Hickey v. Bomark Fabrics, Inc.

OPINION OF THE COURT

Per Curiam.

Final judgment entered September 30, 1982, affirmed, with $25 costs.

The holdover petition was properly dismissed because the premises of respondent Holli Schwartz are subject to rent stabilization by virtue of the Emergency Tenant Protection Act of 1974 (L 1974, ch 576, § 4 [ETPA]). At the time respondent entered into possession in 1976, the building contained four class A and seven class B units; respondent occupied one of the class A units. Since that time, the premises have been altered to the extent that there are now seven class A units and no class B units. Upon the expiration of respondent’s renewed lease in May, 1980, *598landlord did not offer a further renewal. Respondent continued in occupancy on a month-to-month basis at a rent increase which exceeded rent stabilization guidelines until landlord terminated the tenancy on 30 days’ notice on March 27, 1981.

Appellant’s principal contention is that respondent is not protected because the building was registered as a class B multiple dwelling at the time of the enactment of the ETPA and at the time respondent moved in. This overlooks the fact that when the ETPA was enacted, stabilization coverage was extended to “other housing accommodations made subject to this law pursuant to the emergency tenant protection act of nineteen seventy-four” (Administrative Code of City of New York, former § YY51-3.0, subd b). While the Court of Appeals ultimately concluded, in La Guardia v Cavanaugh (53 NY2d 67), that class B multiple dwellings were not encompassed within the phrase “other housing accommodations”, the Legislature almost immediately amended the Administrative Code to explicitly so state (L 1981, ch 675). Thus, the Rent Stabilization Law now expressly applies to “other housing accommodations in class A or class B multiple dwellings made subject to this law pursuant to the emergency tenant protection act of nineteen seventy-four” (Administrative Code, § YY51-3.0, subd b; emphasis added).
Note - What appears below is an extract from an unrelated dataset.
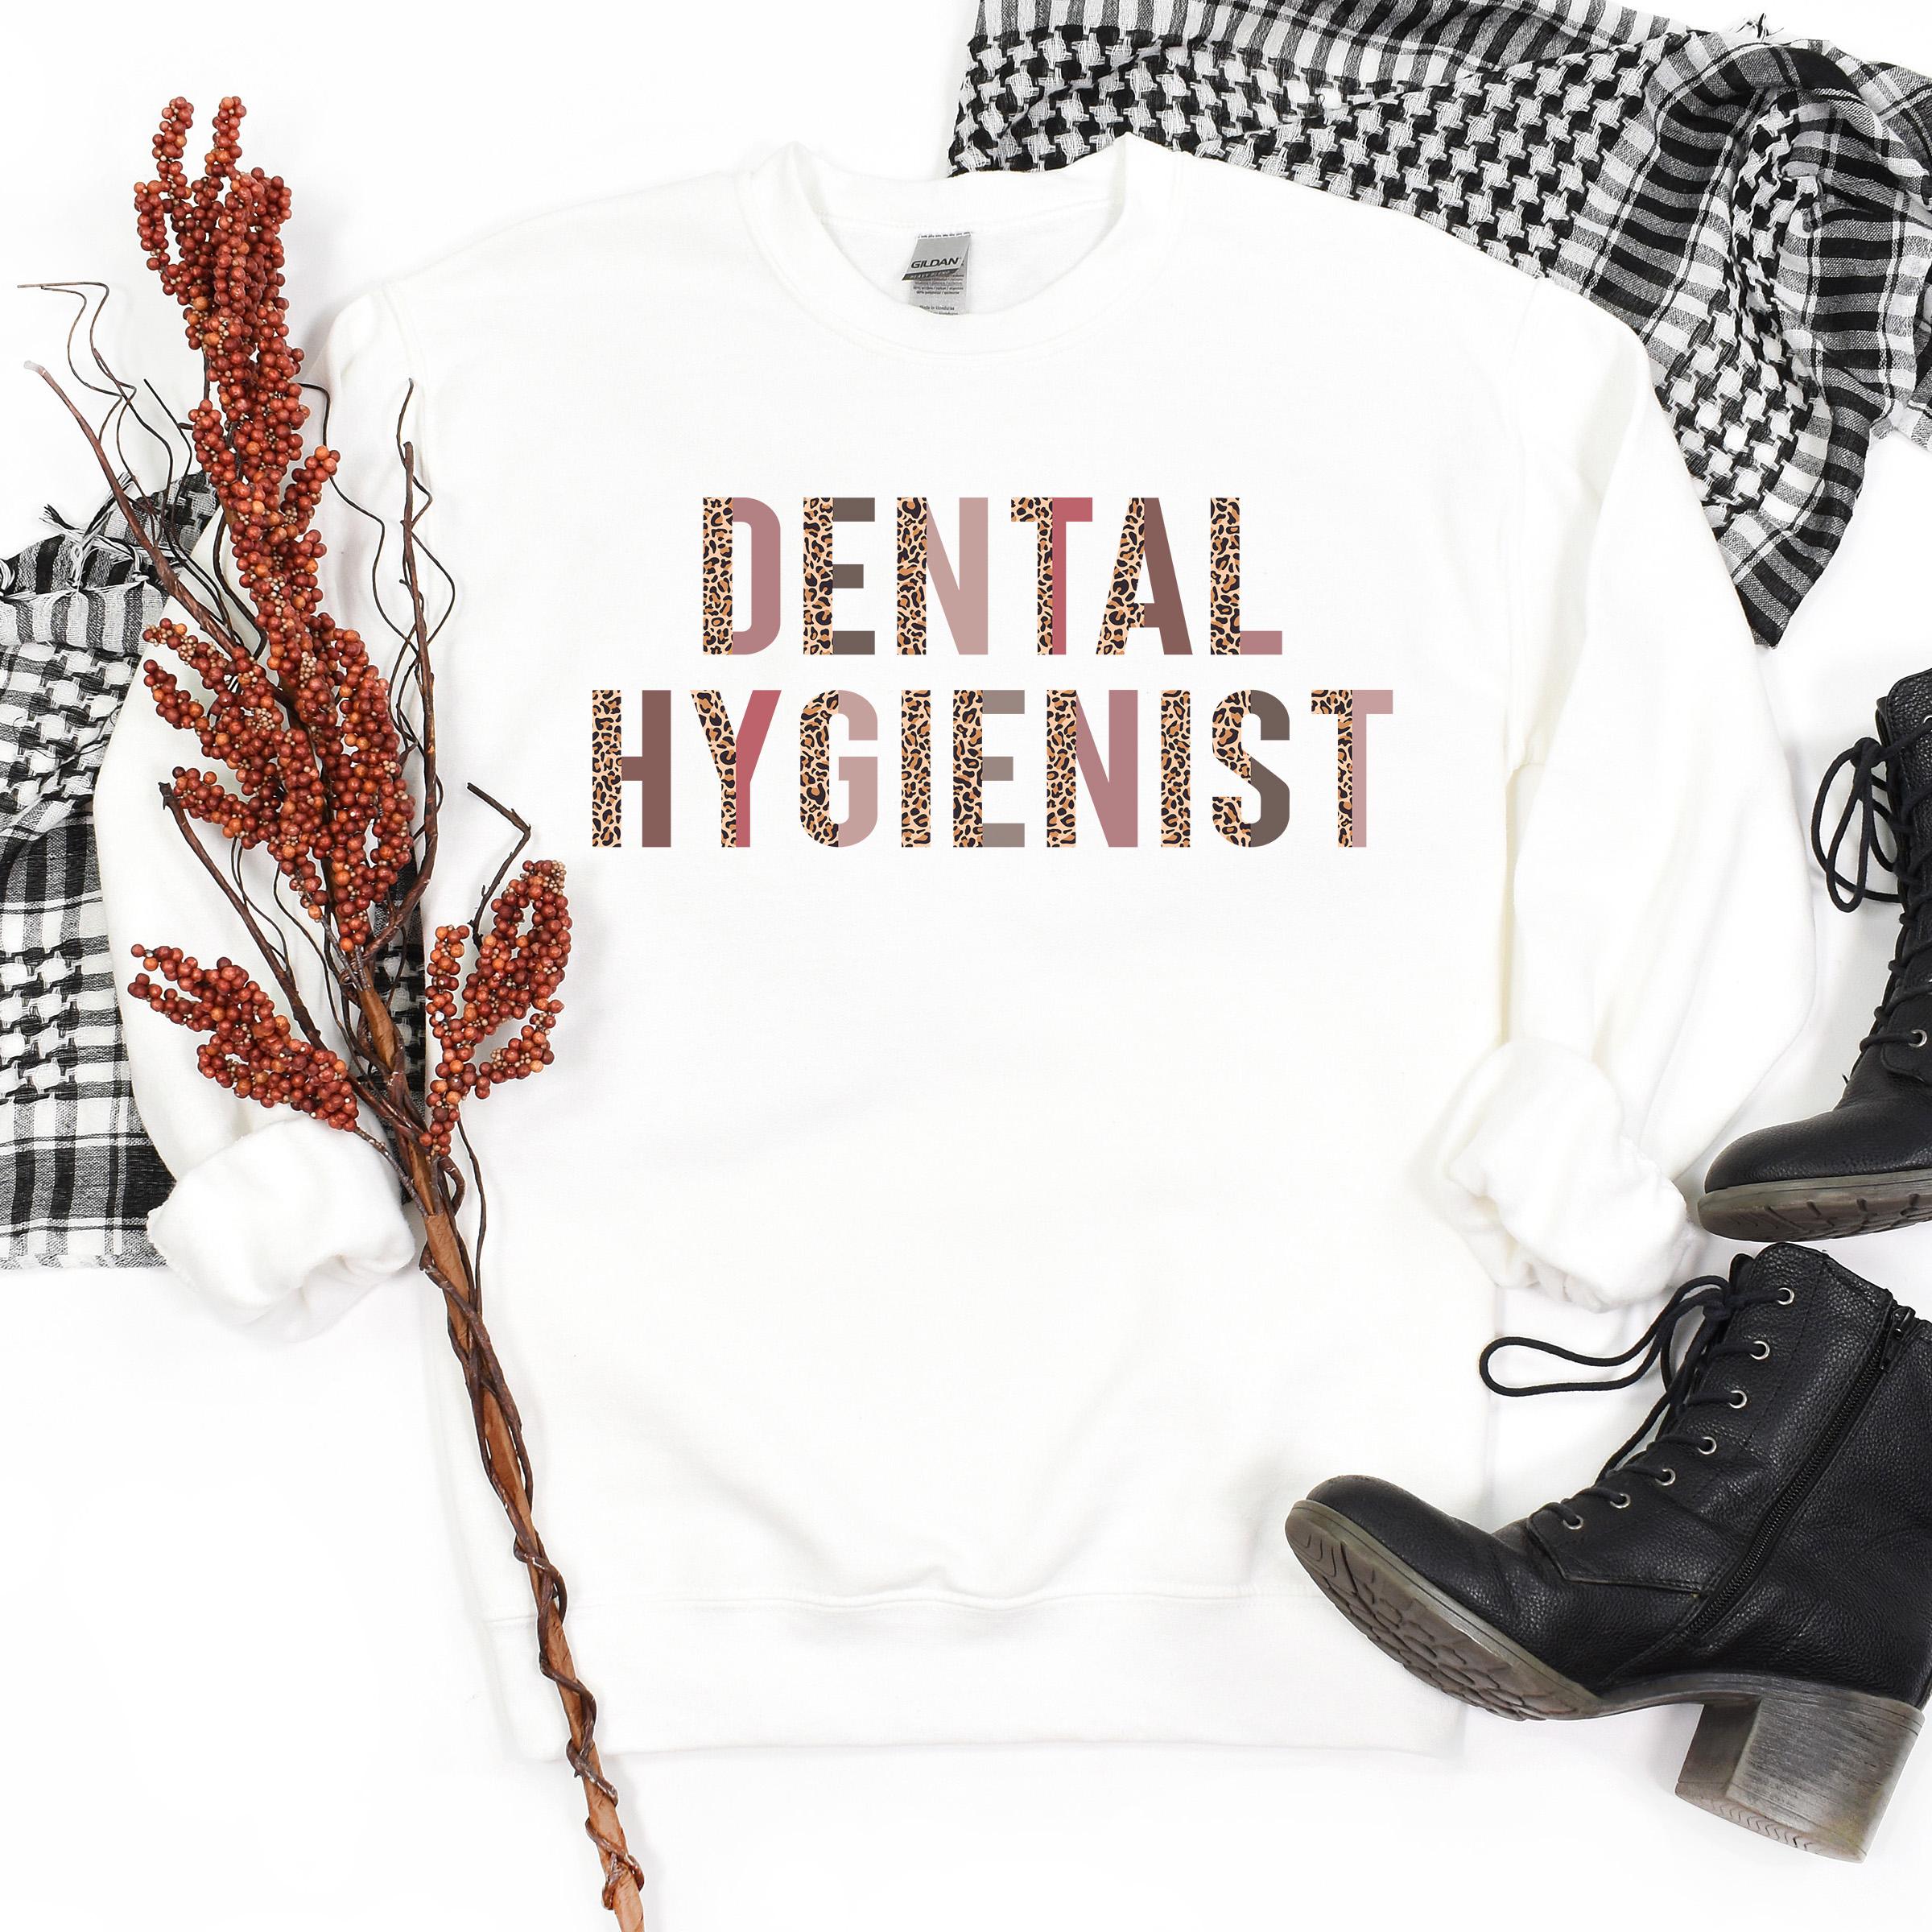 Dental Hygienist Gift   Leopard Print Sweatshirt   RDH   DH   Dental Hygiene School Student   Oral Health   Unisex Crewneck Sweatshirt

By the amendment, it seems clear that the Legislature was simply clarifying what it intended to effect in 1974 — namely, to extend protection to tenants of class B multiple dwellings. This is borne out by Senator Marchi’s supporting memorandum: “This bill amends Subdivision B of the New York City Administrative Code [§ YY51-3.0], to certify the inclusion of Class B multiple dwellings under the New York City Rent Stabilization Law. Residents of Class B multiple dwellings have been protected by the Emergency Tenant Protection Act since its enactment. As a result of LaGuardia v. Cavanaugh * * * these residents, 30,000 in all, will be subject to eviction. This amendment will prevent that.” (NY Legis Ann, 1981, pp 354-355; emphasis added.) It is our view, therefore, that the housing units in this building became subject to rent stabilization when the ETPA was enacted. Even if that were not the case, the rule *599of Tegreh Realty Corp. v Joyce (88 AD2d 820) requires retroactive application of the 1981 amendment: “the speed with which the Legislature acted to undo the impact of La Guardia v Cavanaugh, and the immediate effectiveness of the statute are indicative of its intent to retroactively safeguard those tenants still in possession.”

Nor do we find any of the ETPA exceptions to coverage applicable. The building has at all relevant times contained at least six dwelling units. And it was not “completed or * * * substantially rehabilitated as family units on or after January first, nineteen hundred seventy-four” (see Emergency Tenant Protection Act of 1974, § 5, subd a, par [5]). Essentially the building was a residential premises before landlord undertook construction, the result of which was to consolidate some class B dwelling units into class A dwelling units.

Dudley, P. J., Sullivan and Sandifer, JJ., concur.